Submitted by on Jul 9, 2014 – 10:21 am

Clan dancers Malachi Squires (Ensemble), Rhett Guter (Harry Beaton), William Angulo (Ensemble) and Jamy Meek (Ensemble) in Goodman Theatre's 'Brigadoon.' (Liz Lauren)

Review: “Brigadoon,” by Alan Jay Lerner and Frederick Loewe, directed and choreographed by Rachel Rockwell, at Goodman Theatre through Aug. 17. ★★★★

By Nancy Malitz

In this briskly refreshing theater season, the Windy City has performed a hat trick on behalf of the American musical. Three Chicago mainstage companies have each expertly revived a Broadway classic through a shrewd rethinking that paired careful respect for the original with sympathy for today’s audience and its contemporary state of mind in changing times.
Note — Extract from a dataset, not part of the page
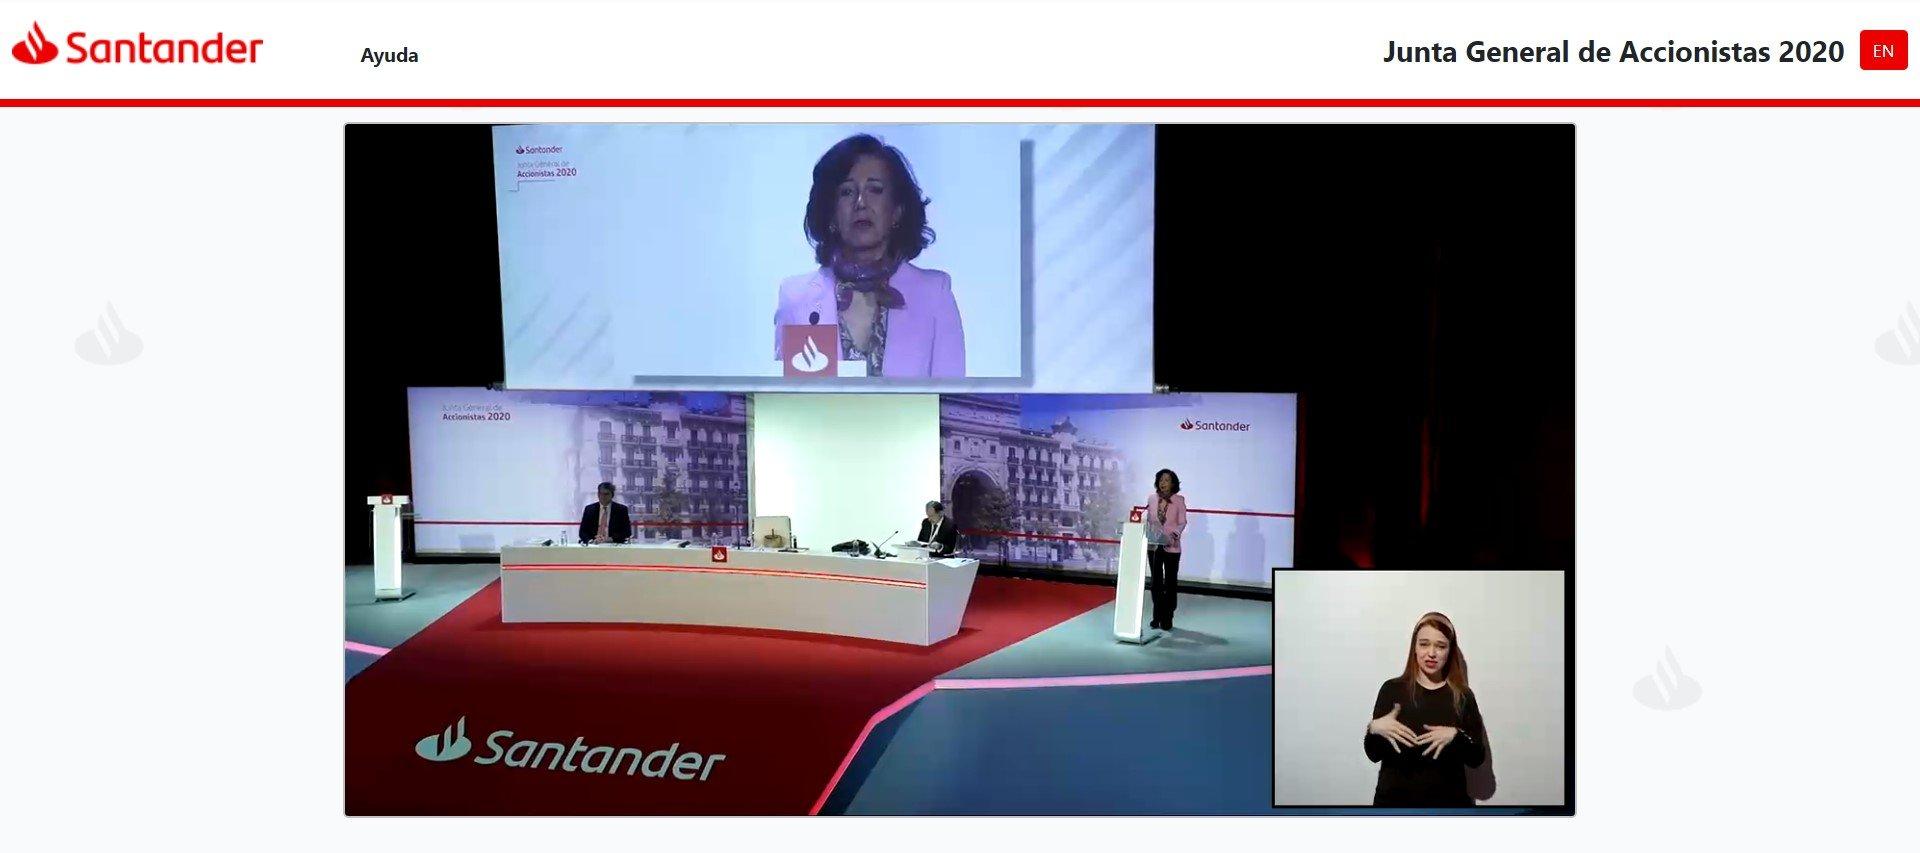 Ana Botín ha presumido de la preparación del Santander para celebrar la Junta de Accionistas en remoto

Following Chicago Shakespeare Theater’s heart-stopping “Gypsy” and Lyric Opera’s gorgeous “The Sound of Music” comes Lerner and Loewe’s 1947 “Brigadoon,” which ran for 581 performances on Broadway and is now in resplendent bloom at the Goodman Theatre.
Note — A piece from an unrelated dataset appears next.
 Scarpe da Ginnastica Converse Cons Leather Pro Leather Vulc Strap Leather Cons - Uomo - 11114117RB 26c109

The spectral village of Brigadoon comes to life after a century of sleep, for a wedding between the clans. (Liz Lauren)It’s a summertime feast of song and a dance extravaganza, with a storybook allure that’s cleverly tweaked toward modern yearnings, as directed and choreographed by Rachel Rockwell. Conductor Roberta Duchak’s reduced orchestra delivered the goods with a spirit that would have put a smile on the lips of  old Franz Allers, the original maestro. Allers ushered in all the great Lerner and Loewe musicals and conducted at the Metropolitan Opera, a master of good style in every musical genre.

Rockwell has correctly sensed that today’s information-weary, conflict-benumbed public might well sympathize with the romantic appeal of a quaint enchanted village, not seen on any map, which awakens from the sleep of each hundred years as if it were yesterday, and this production does indeed ring true in a way the 1954 MGM film musical never did.

New Yorker Tommy Albright (Kevin Earley) and mysterious Fiona MacLaren (Jennie Sophia) are mere centuries apart in Lerner and Loewe’s 'Brigadoon' at Goodman Theatre. (Liz Lauren)In 1946, American war veteran Tommy Albright (Kevin Earley) is hiking the Scottish highlands with his bachelor buddy Jeff Douglas (Rod Thomas), a wise-cracking Sancho Panza to Tommy’s quixotic leanings. Tommy is only days away from a marriage back in New York that he already regrets and he’s soon drawn to a lovely old-fashioned girl who, unbeknownst to him, has just awakened, along with her entire town, from a second hundred years of sleep.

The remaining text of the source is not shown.